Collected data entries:
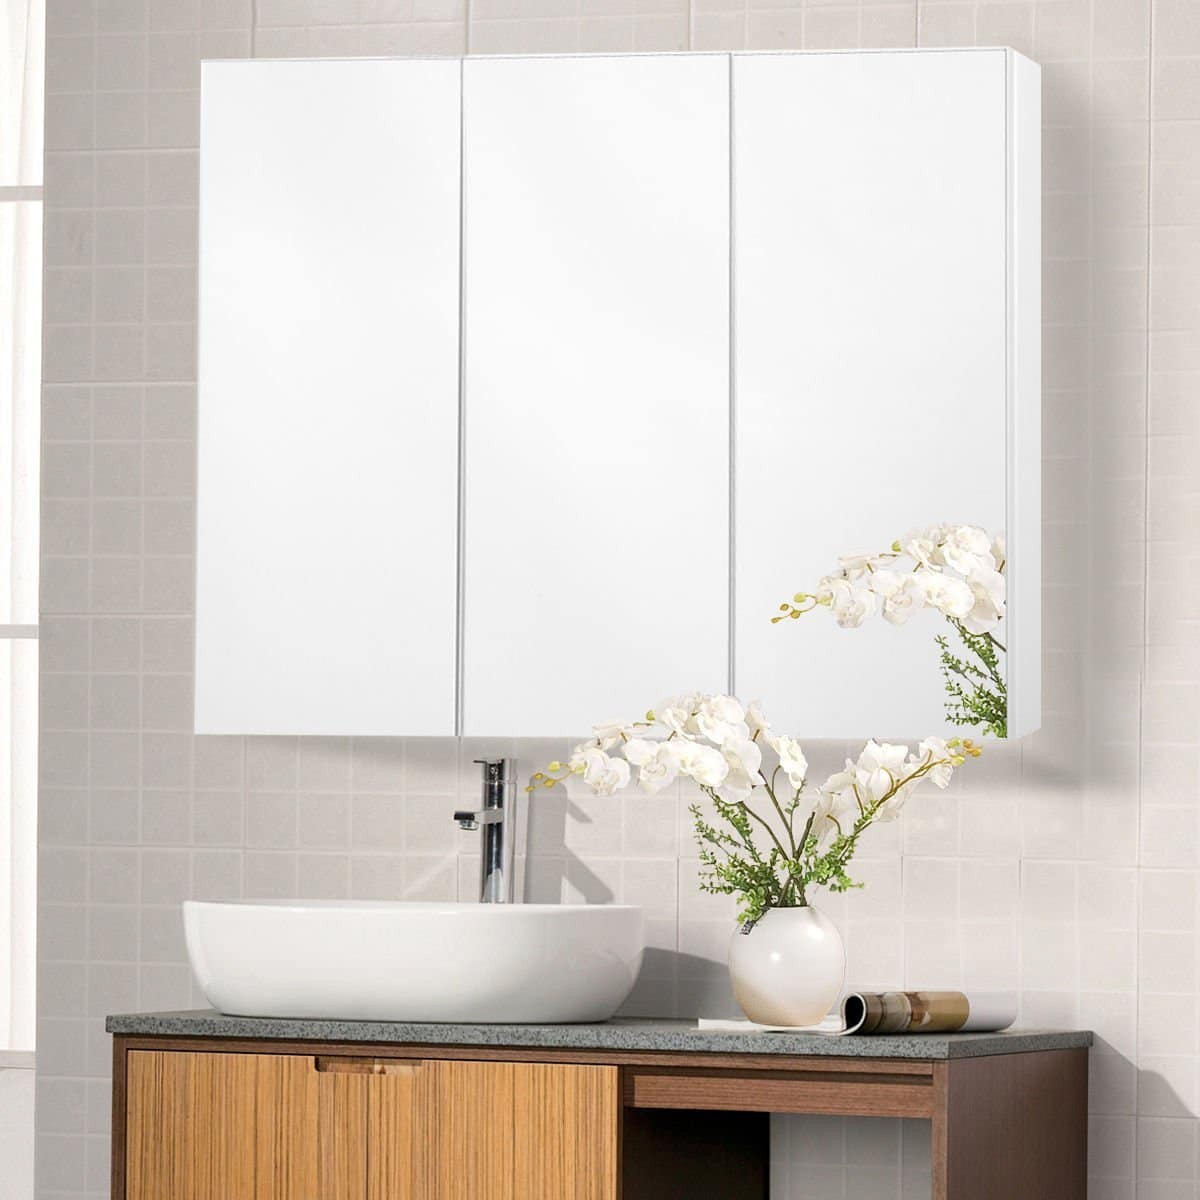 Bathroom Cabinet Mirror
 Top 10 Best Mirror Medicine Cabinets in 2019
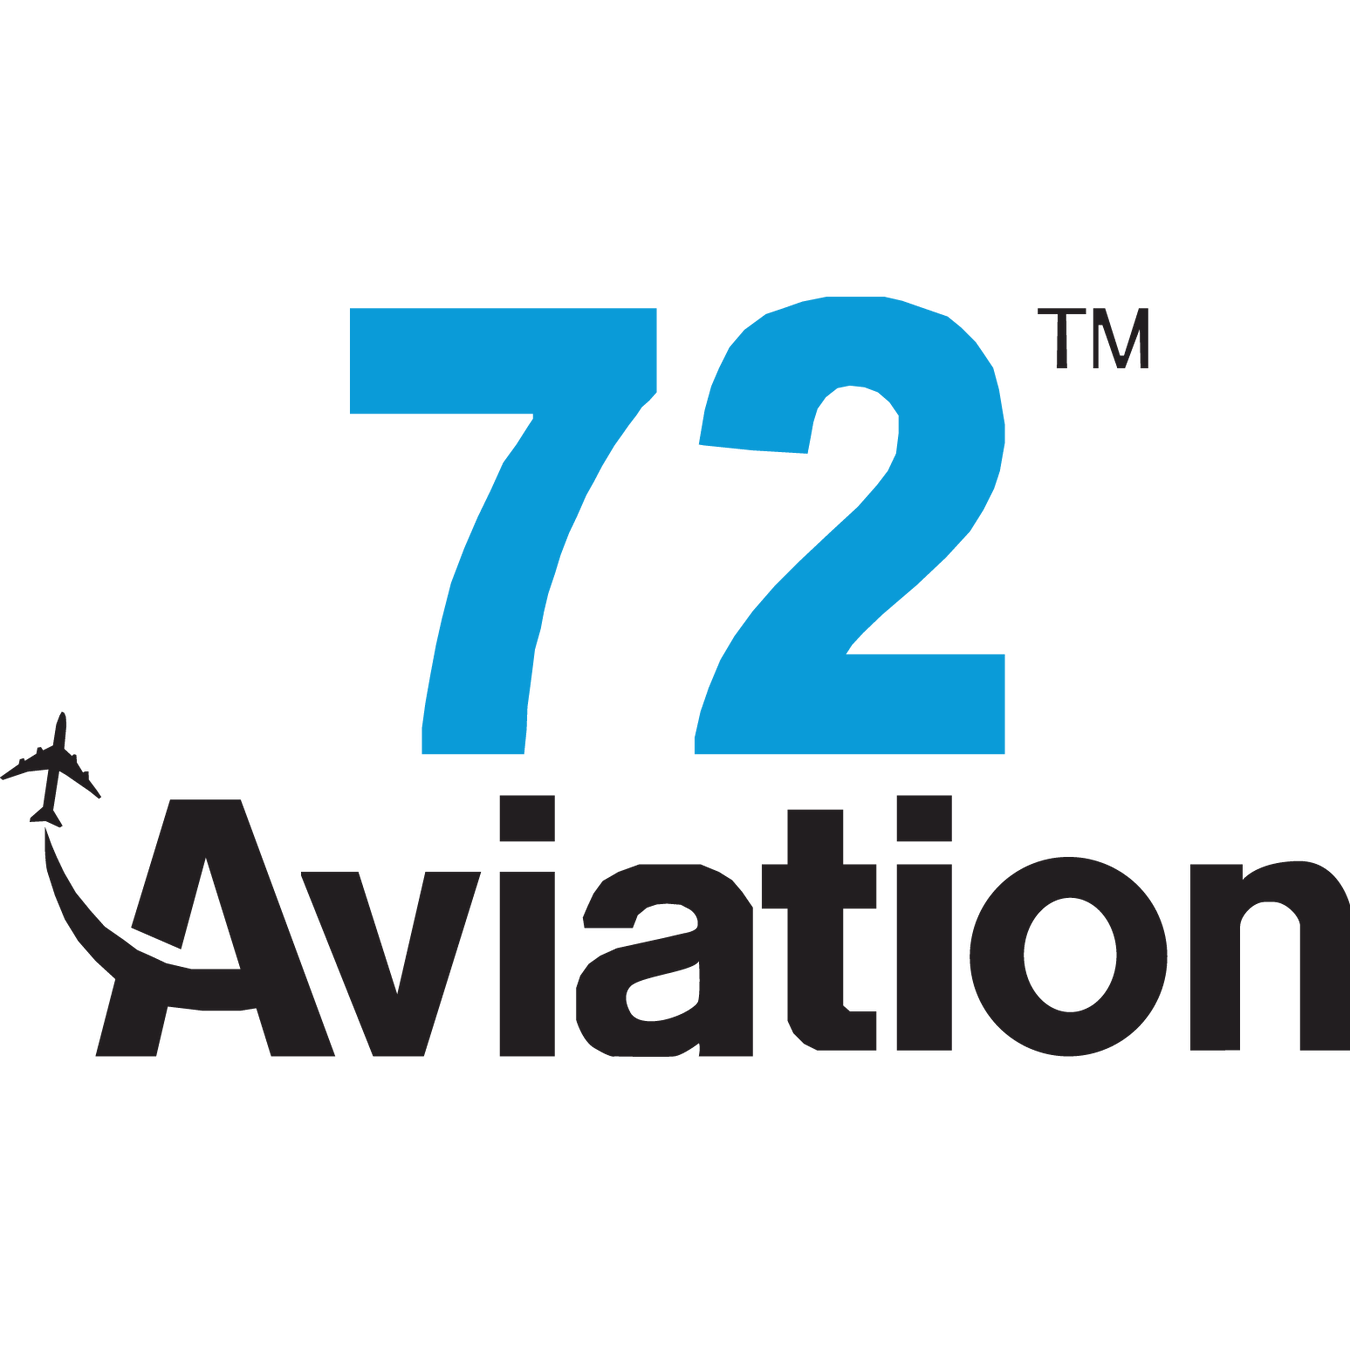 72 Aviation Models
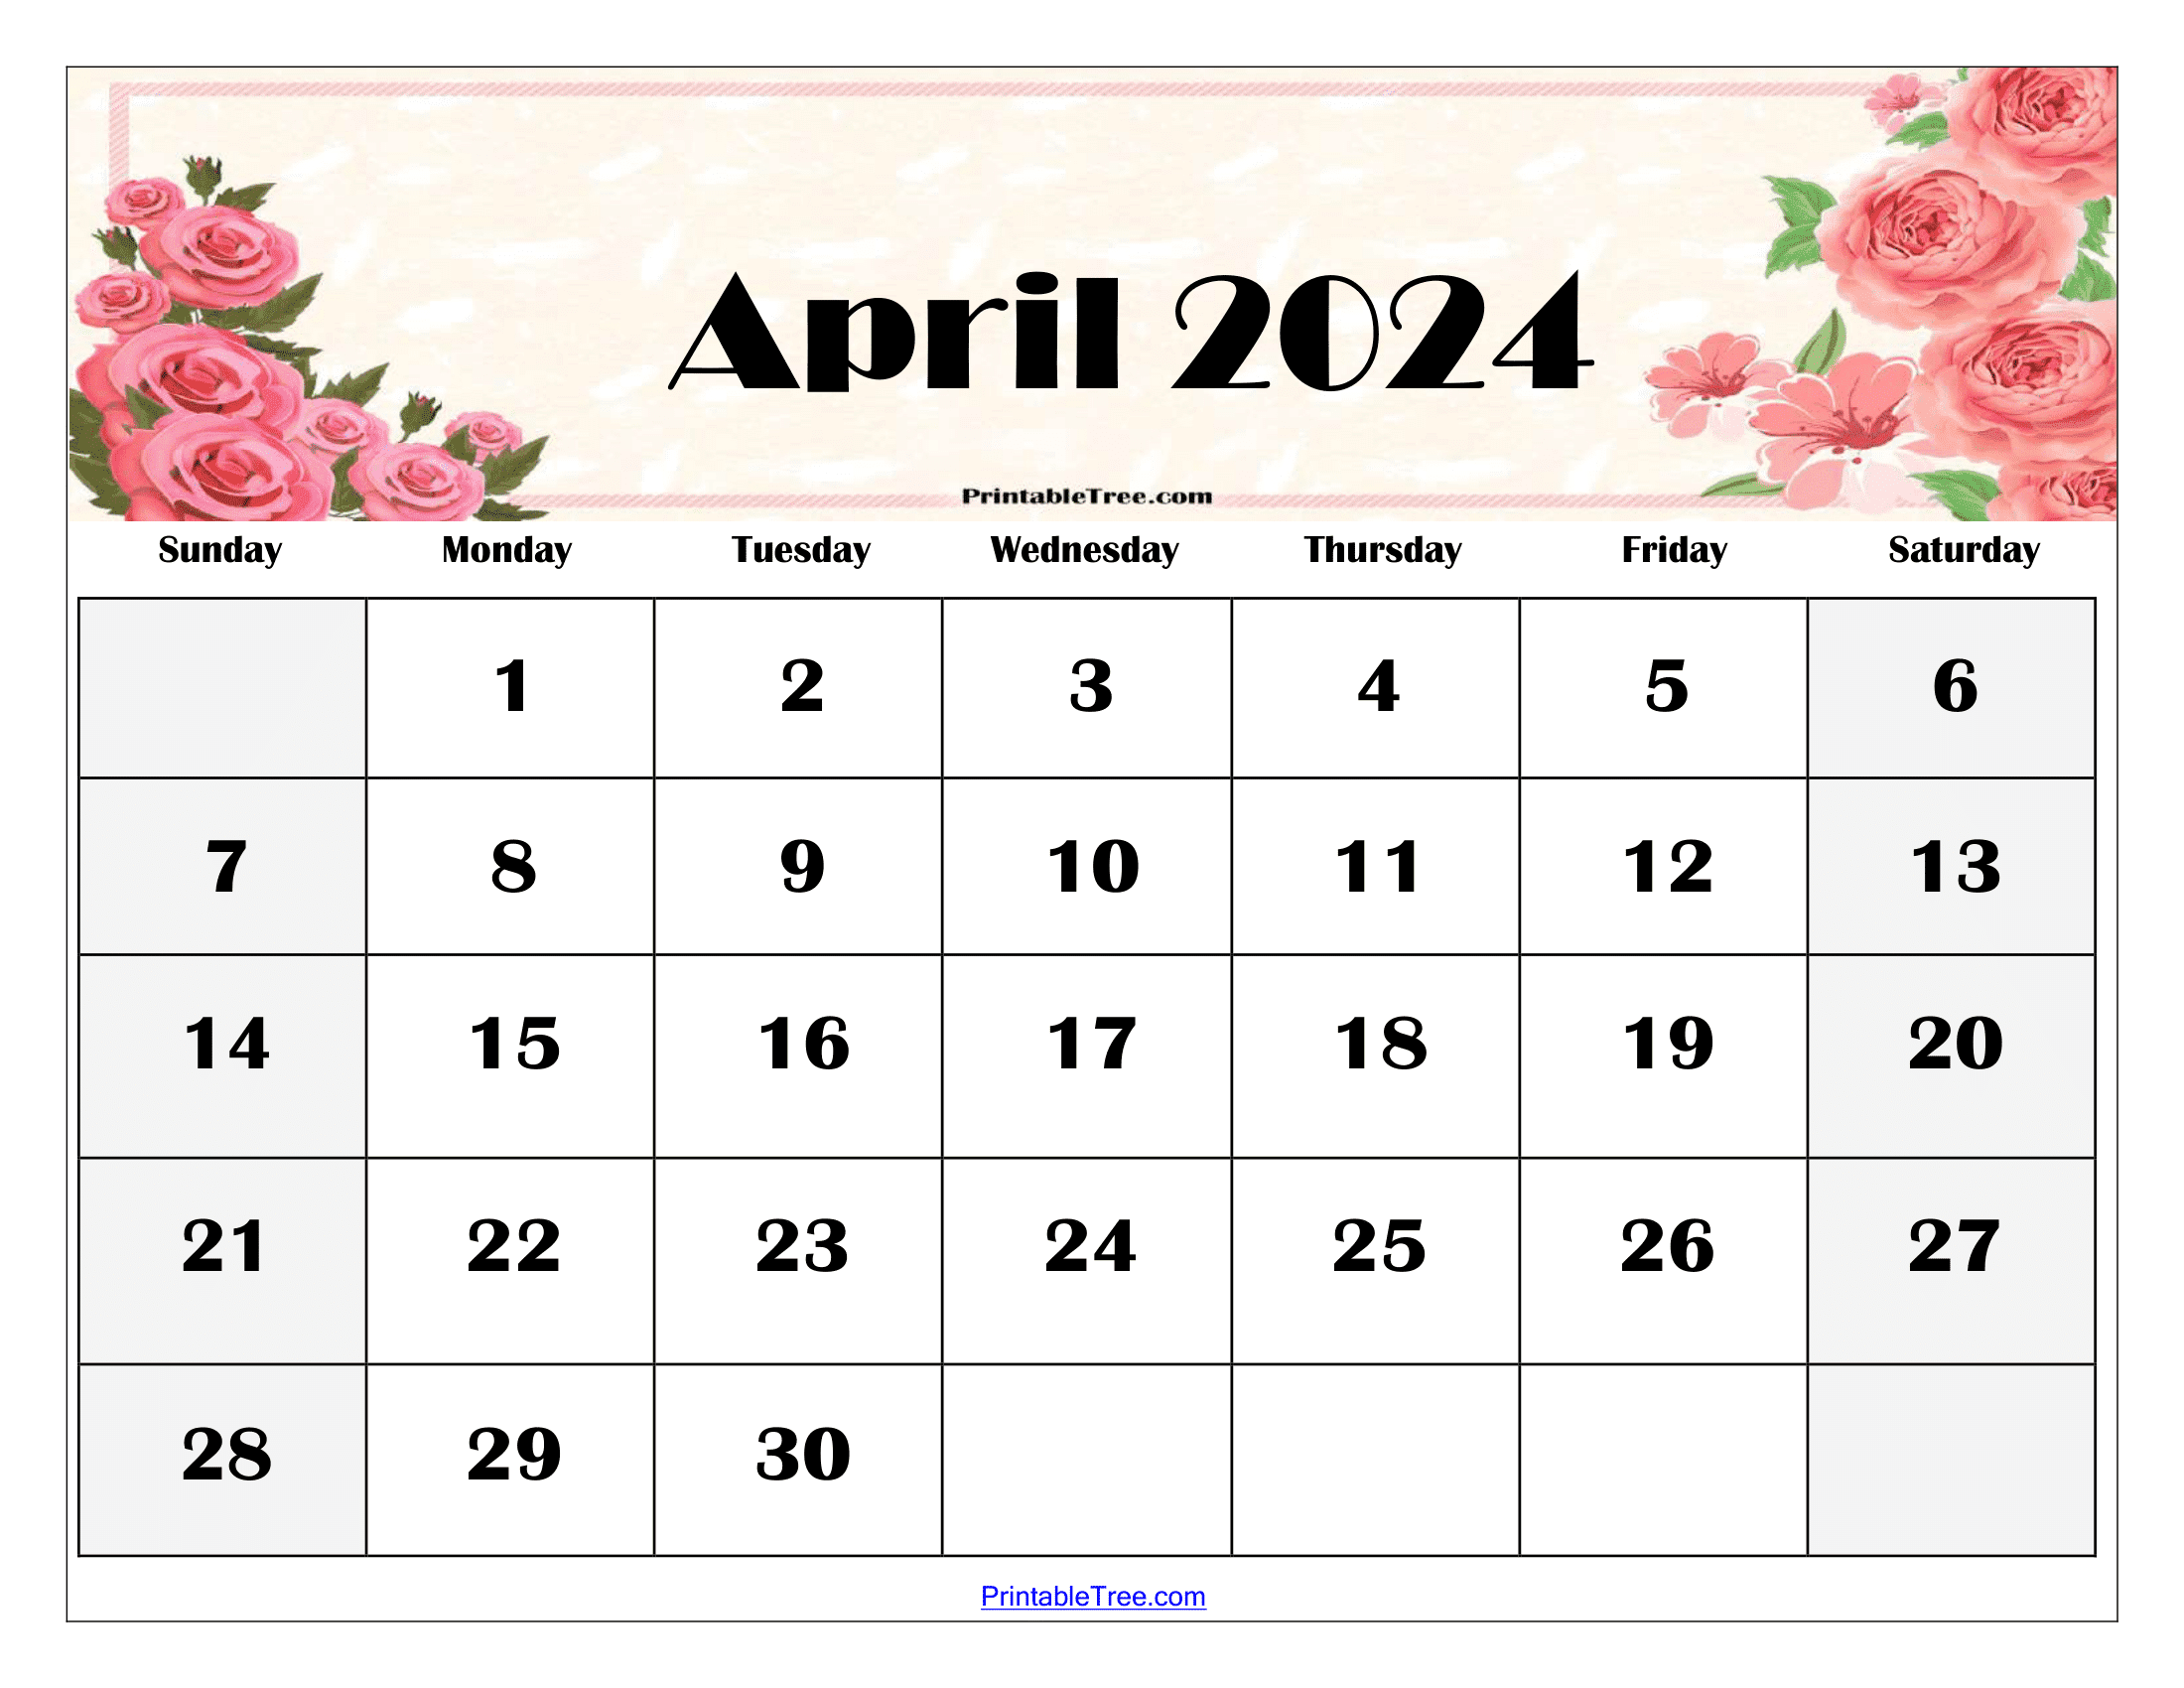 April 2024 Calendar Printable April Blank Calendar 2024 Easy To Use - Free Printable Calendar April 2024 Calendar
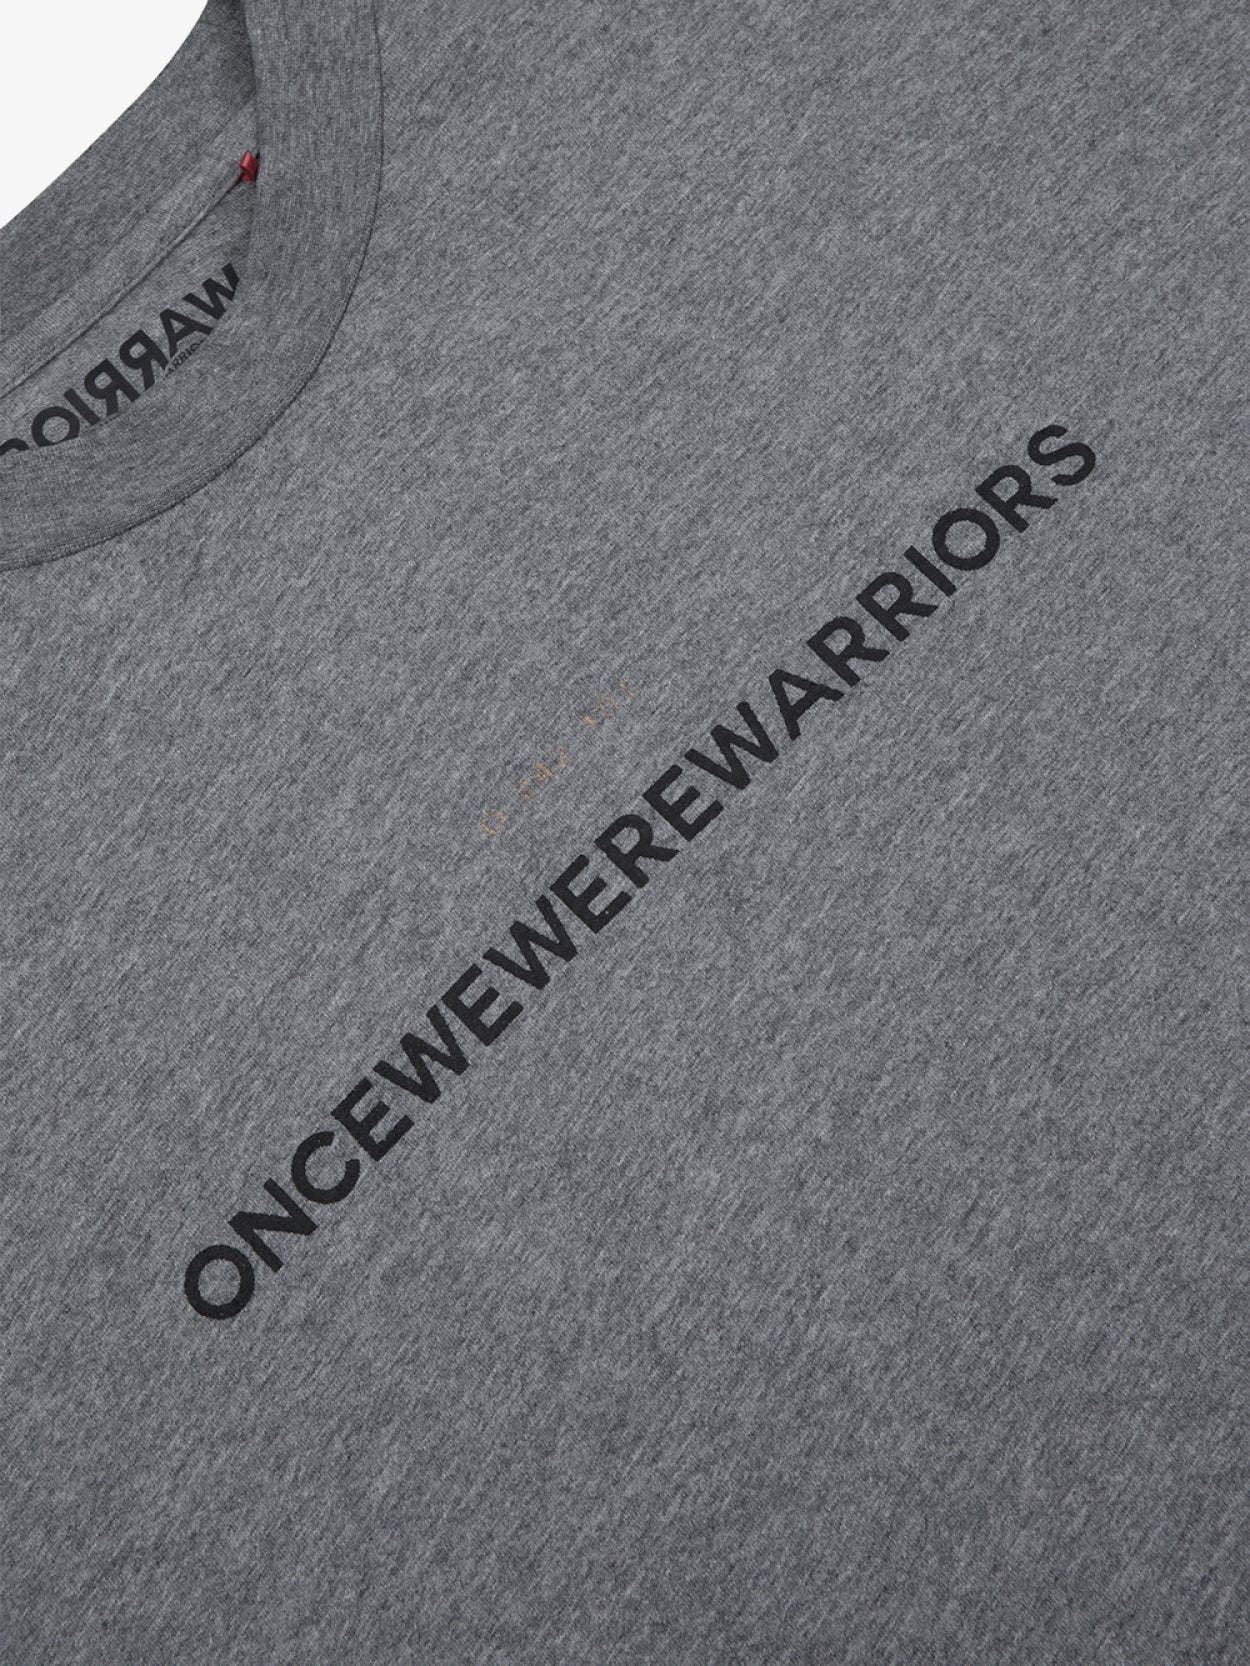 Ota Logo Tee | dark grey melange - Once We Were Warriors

INSTRUCTIONS FOR THE TASK:
Leave every picture out and copy precisely the lines from the one containing "72 Aviation Models" through the last line of the data above, both ends included.

FINISHED EXERCISE:
 72 Aviation Models
 April 2024 Calendar Printable April Blank Calendar 2024 Easy To Use - Free Printable Calendar April 2024 Calendar
 Ota Logo Tee | dark grey melange - Once We Were Warriors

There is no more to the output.